**THE DATA**
──────────────────────────────
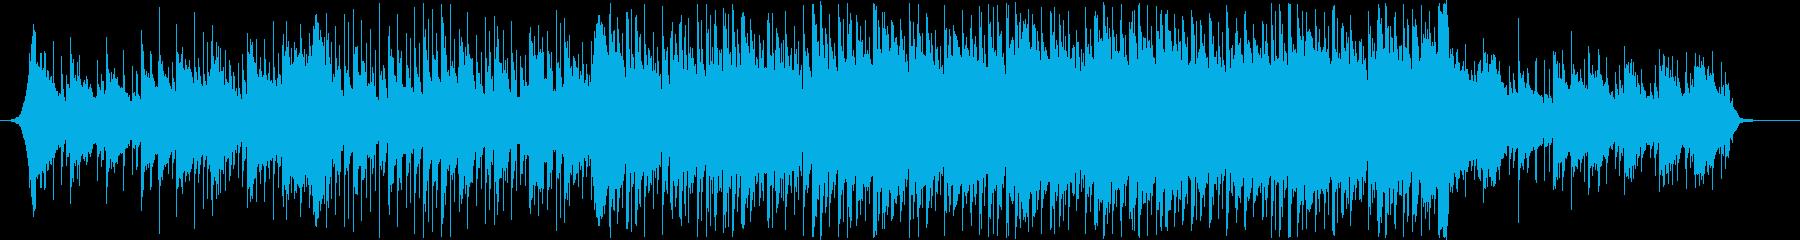 爽やか躍動感ピアノフルートコーポレートBの再生済みの波形
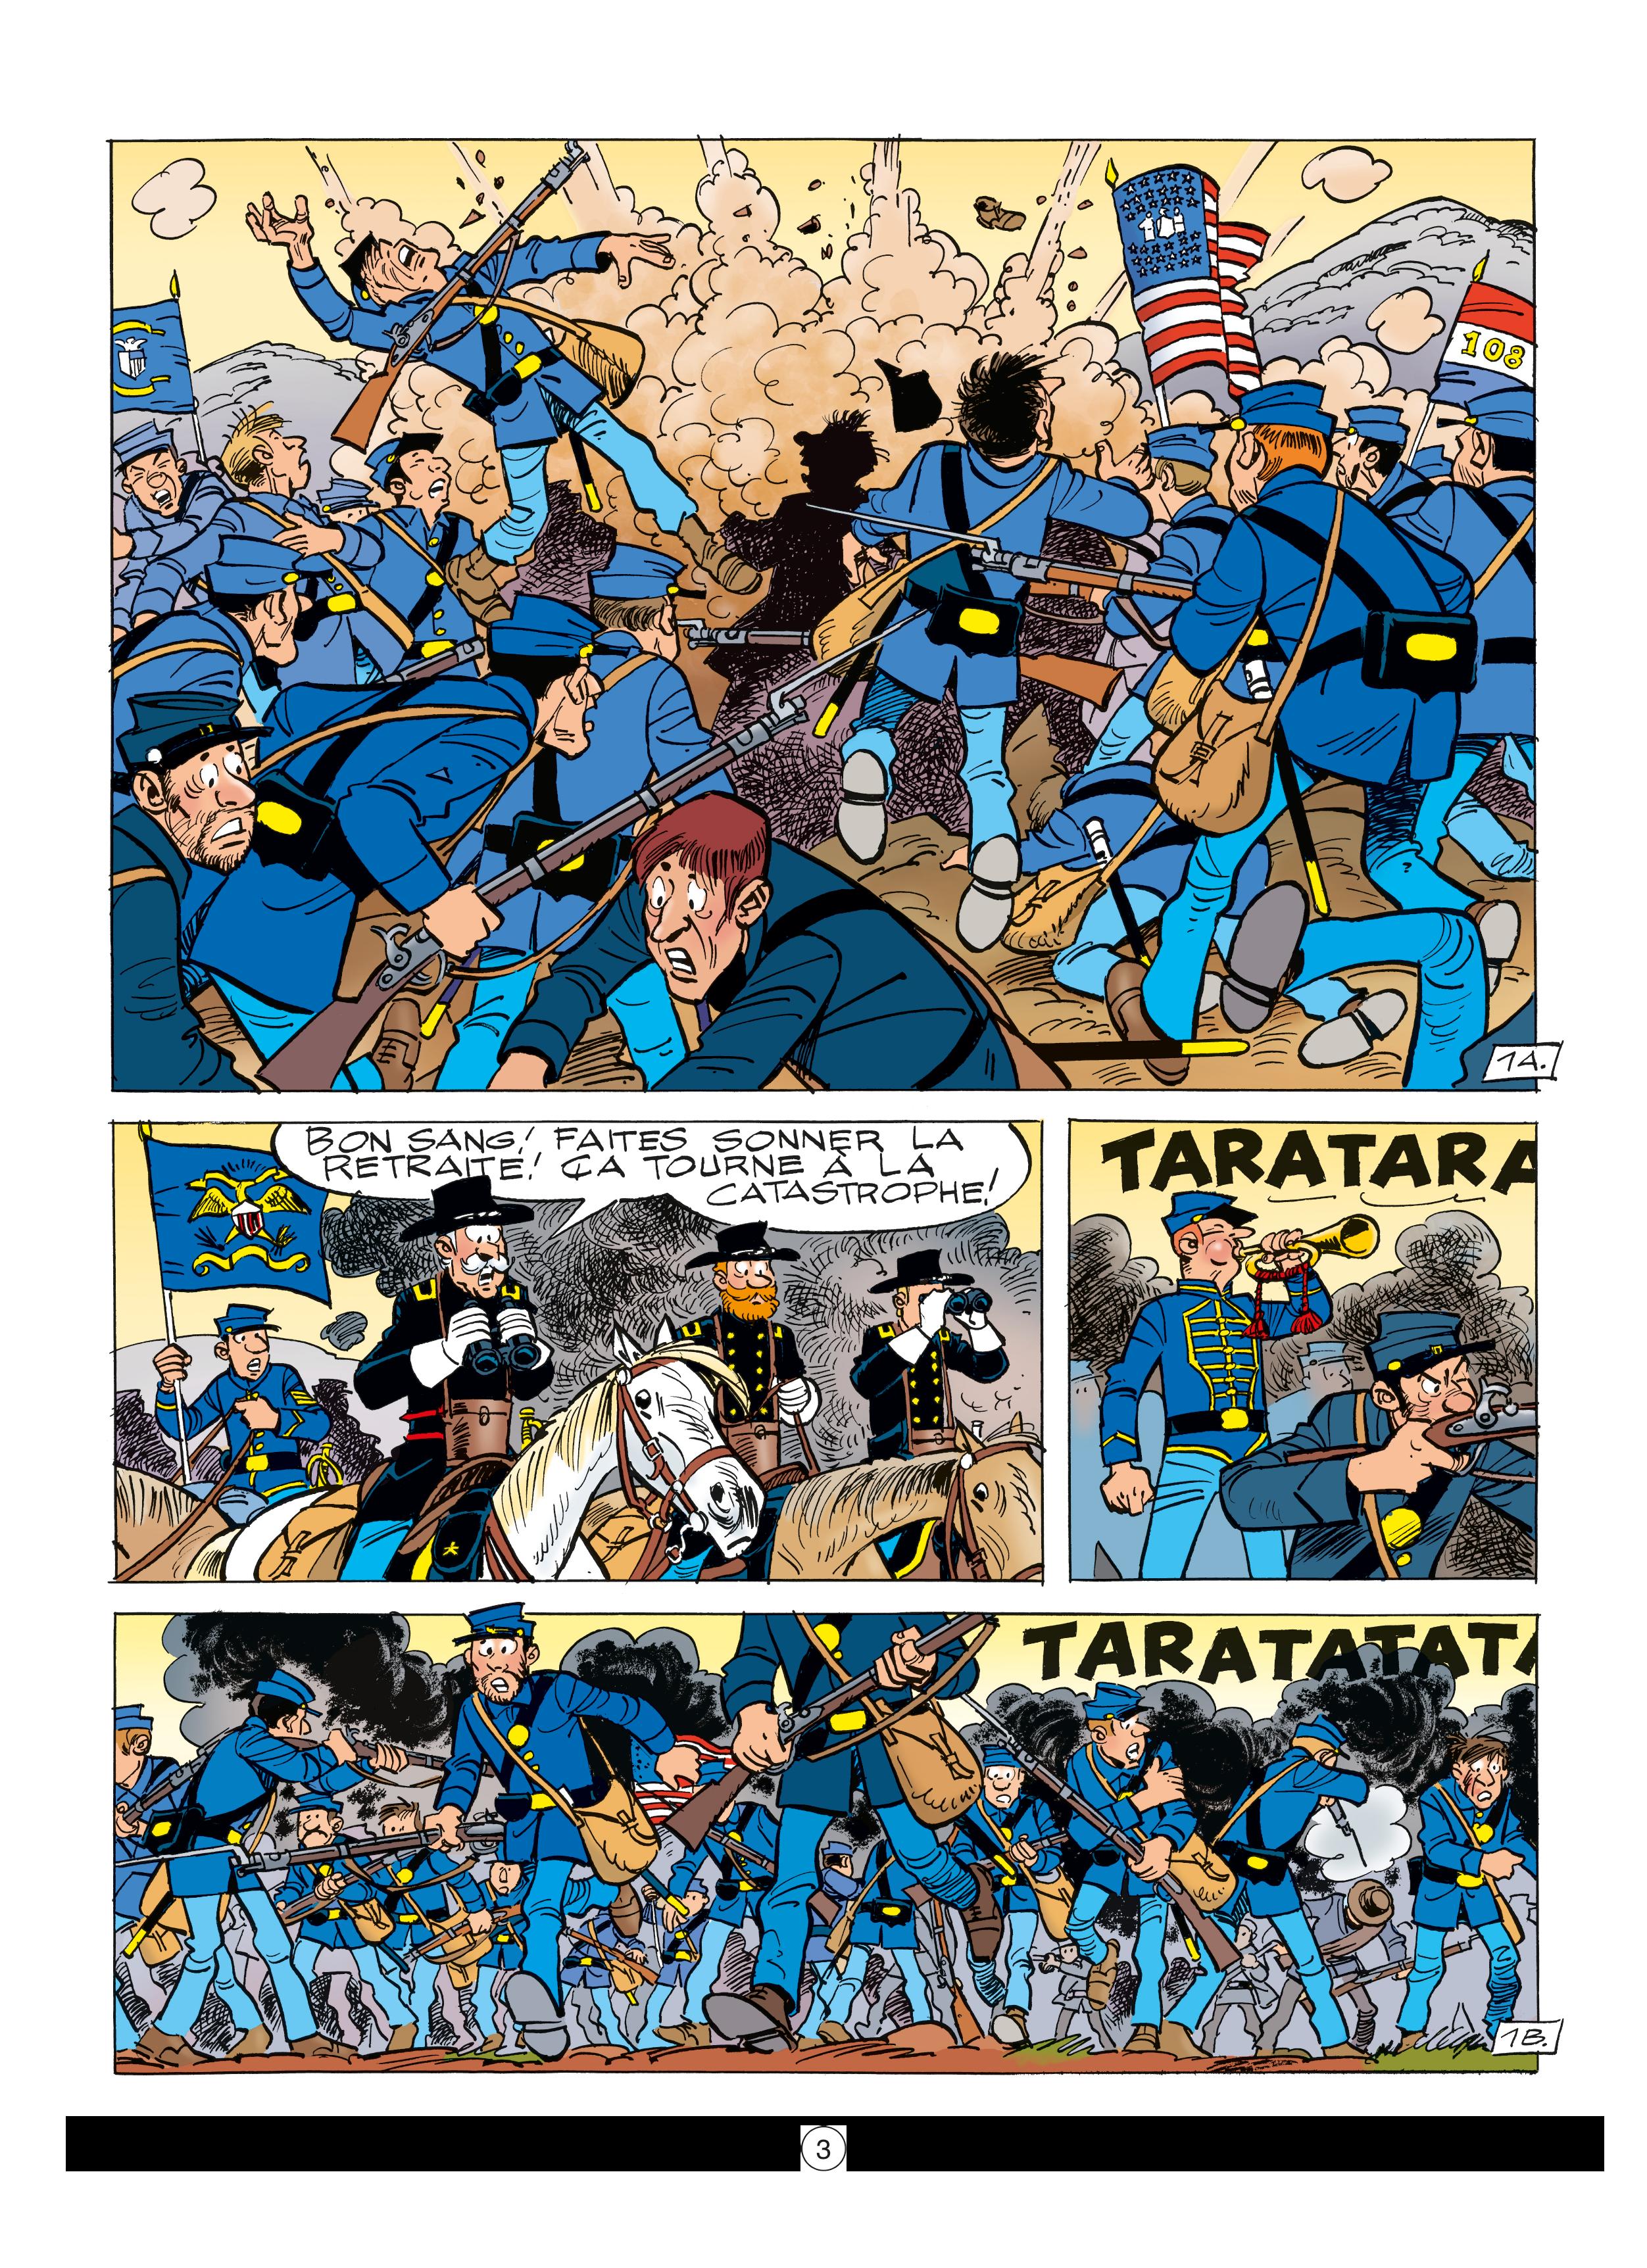 Les Tuniques Bleues #59 - Les quatre évangélistes - Dupuis
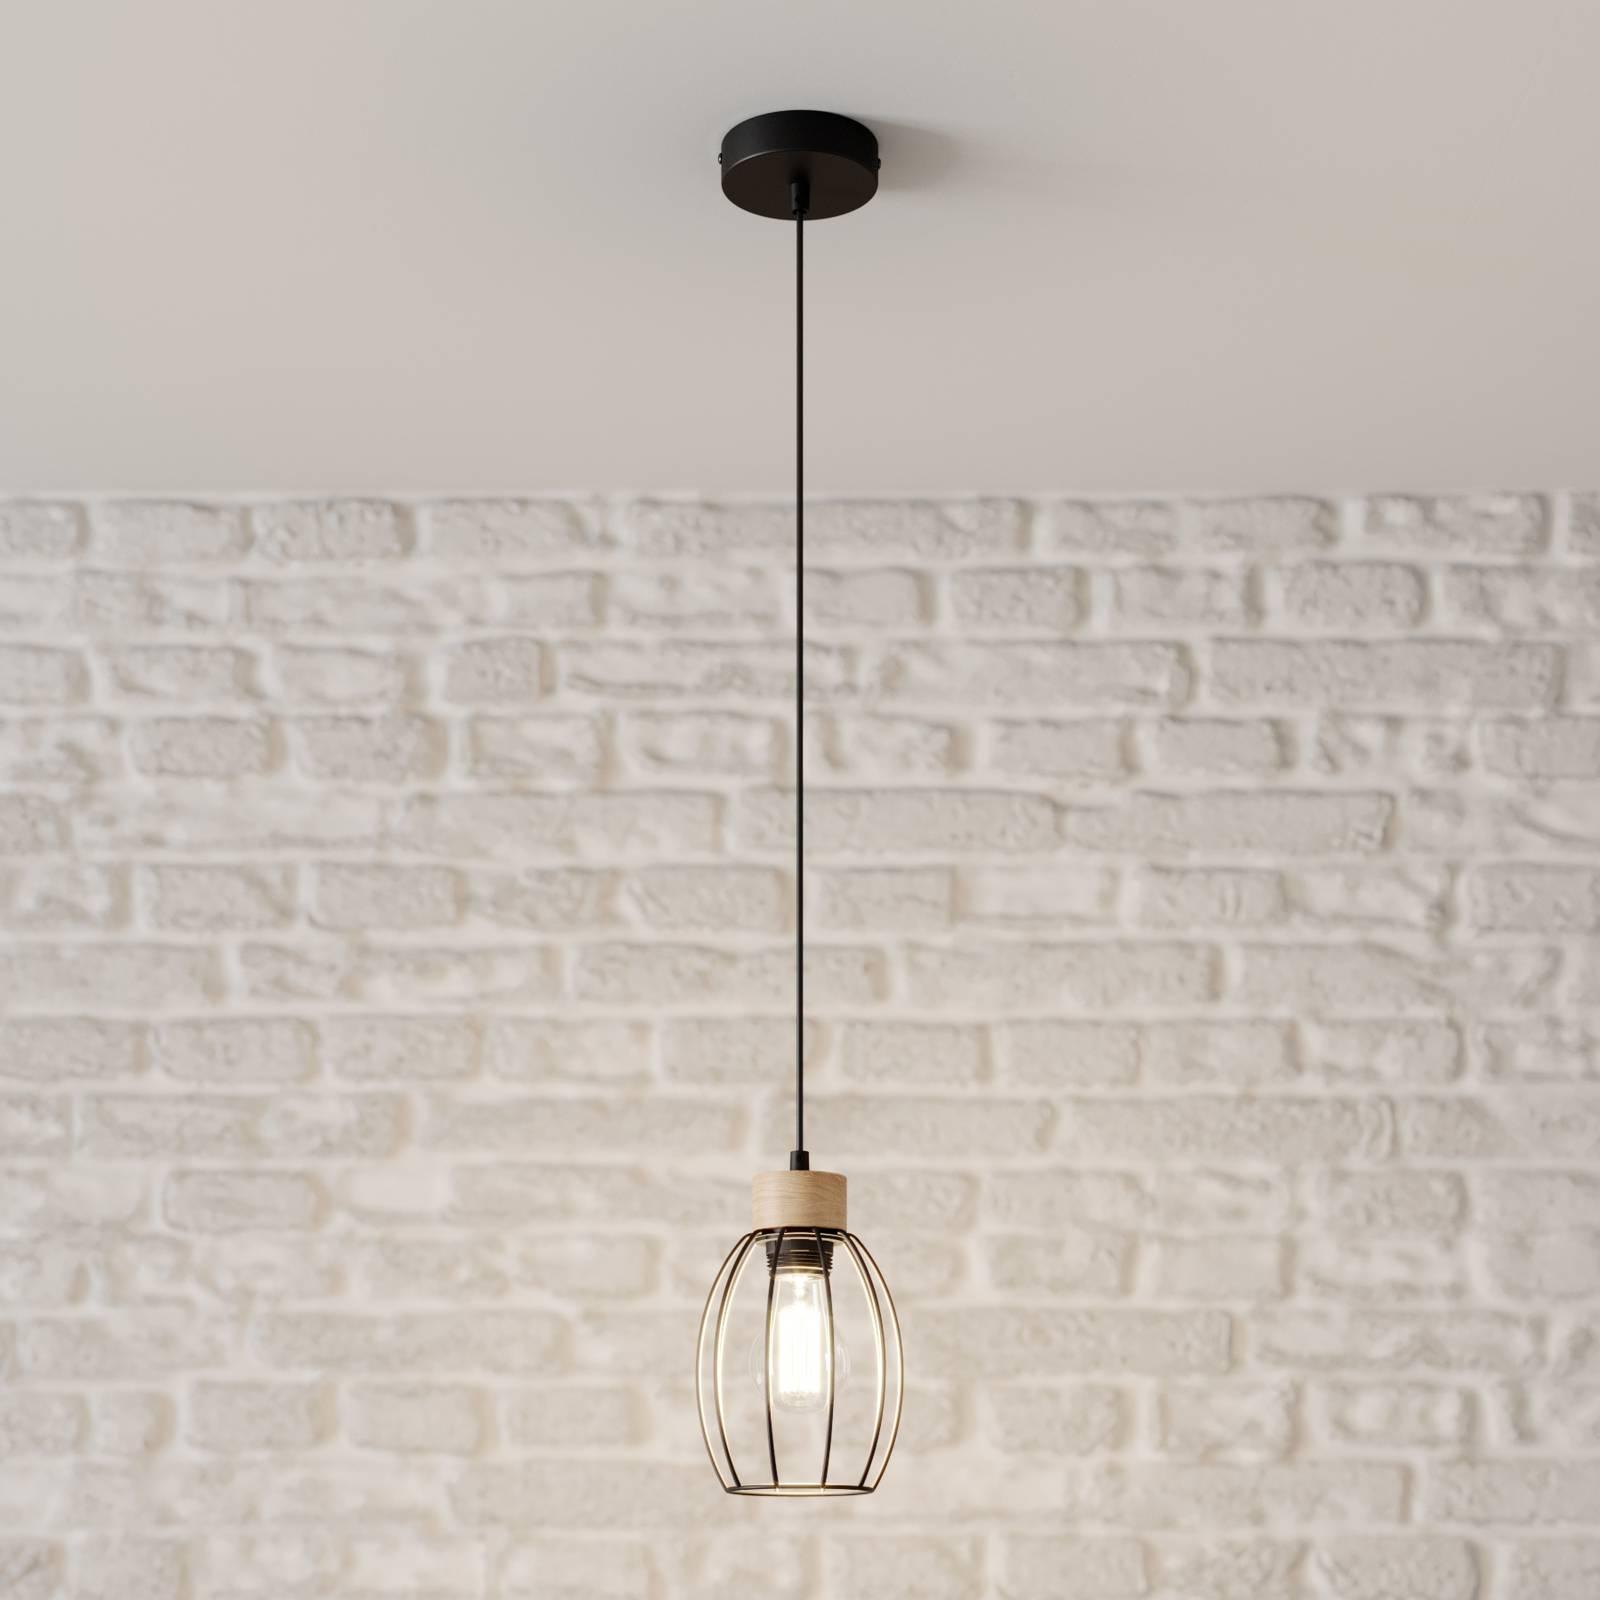 Hanglamp Beeke met een kooikap
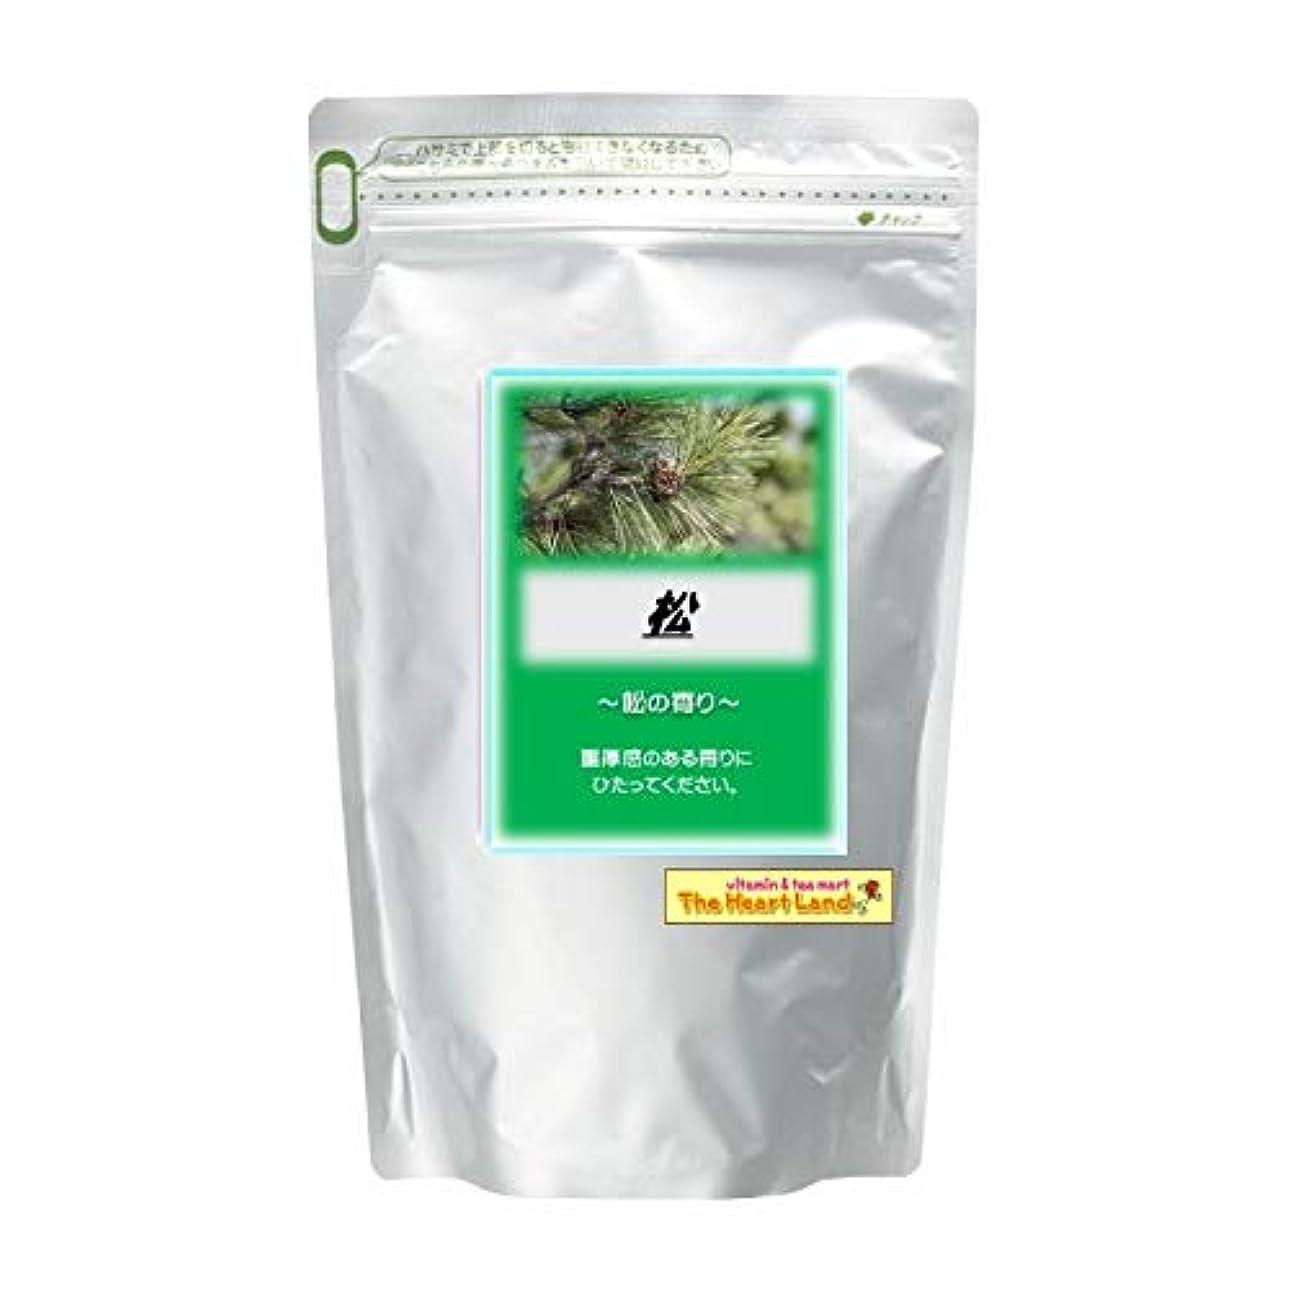 エミュレートする栄養浸食アサヒ入浴剤 浴用入浴化粧品 松 2.5kg
──────────────────────────────
**PROBLEM**
Transcribe all data precisely. Pictures are not copied.

**RESPONSE**
 爽やか躍動感ピアノフルートコーポレートBの再生済みの波形
 Les Tuniques Bleues #59 - Les quatre évangélistes - Dupuis
 Hanglamp Beeke met een kooikap
 エミュレートする栄養浸食アサヒ入浴剤 浴用入浴化粧品 松 2.5kg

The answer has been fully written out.